Além de defender uma região Indo-Pacífica “livre e aberta”, de criticar mudanças políticas por meio da força, e do anúncio de um plano de investimentos de US$ 50 bilhões até 2027, o encontro foi marcado pela situação Taiwan, considerada uma província rebelde por Pequim e cuja segurança Washington vê como central nas discussões entre aliados na Ásia.
Defensor de uma postura mais agressiva em relação à China, Biden chegou a cometer uma perigosa gafe na segunda-feira, quando disse que os EUA poderiam se envolver militarmente no caso de uma invasão chinesa a Taiwan.
Por lei, Washington deve fornecer os meios para que a ilha se proteja de um ataque, mas por décadas o país manteve uma política de “ambiguidade estratégica”, não deixando claro se apoiaria uma intervenção para conter uma eventual agressão da China. Como esperado, os comentários foram criticados por Pequim.
"Se os Estados Unidos prosseguirem no caminho equivocado, não apenas terá consequências irreparáveis para as relações sino-americanas, mas também provocará eventualmente em um custo impagável para os Estados Unidos", declarou o porta-voz do ministério chinês das Relações Exteriores, Wang Wenbin, acusou Biden de fazer "jogos de palavras" com Taiwan.
Nesta terça, o presidente afirmou que não houve mudanças na política sobre Taiwan, mas analistas veem nas repetidas “gafes” uma mensagem aos chineses para que não tentem repetir na ilha — ou em qualquer lugar da Ásia — o que a Rússia fez na Ucrânia.

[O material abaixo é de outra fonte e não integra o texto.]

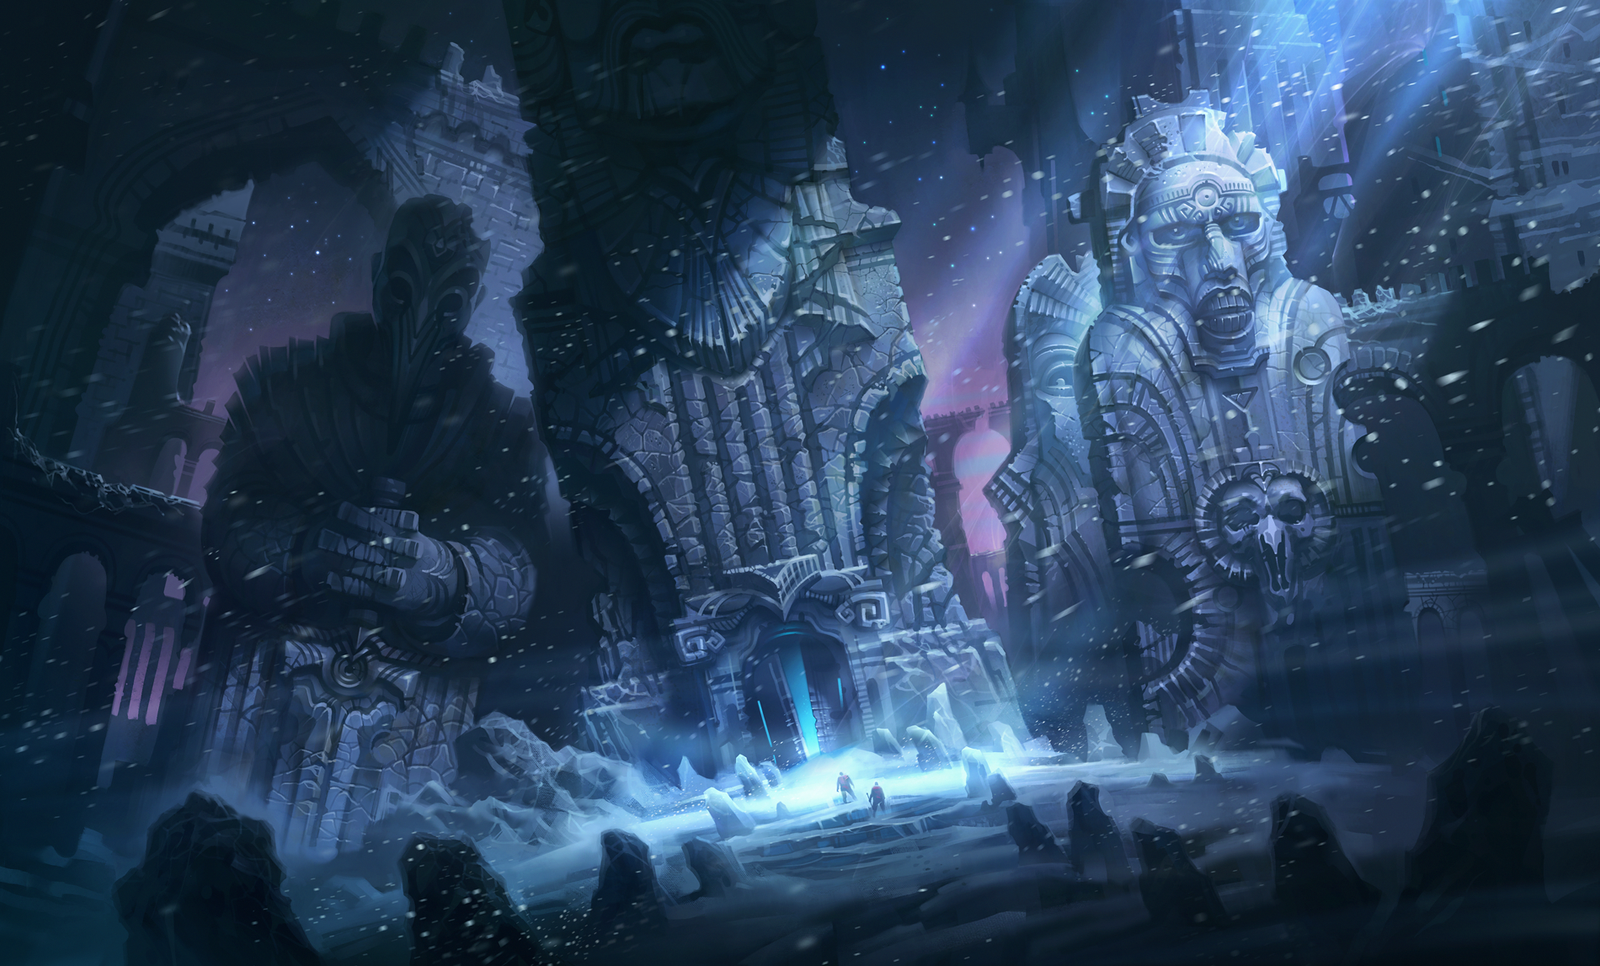 at_the_mountains_of_madness_2_howard_lovecraft_by_ivany86-d6j5qun.png

Sobre o conflito no Leste europeu, o bloco segue rachado: EUA, Japão e Austrália estão na linha de frente da política de sanções contra Moscou, inclusive revertendo posições anteriores, como no caso japonês. Já a Índia evitou condenar a invasão russa, alegando seus profundos laços comerciais e no setor de Defesa. Um sinal desse impasse foi visto no documento final do encontro, que não mencionou a Rússia e citou a Ucrânia apenas duas vezes.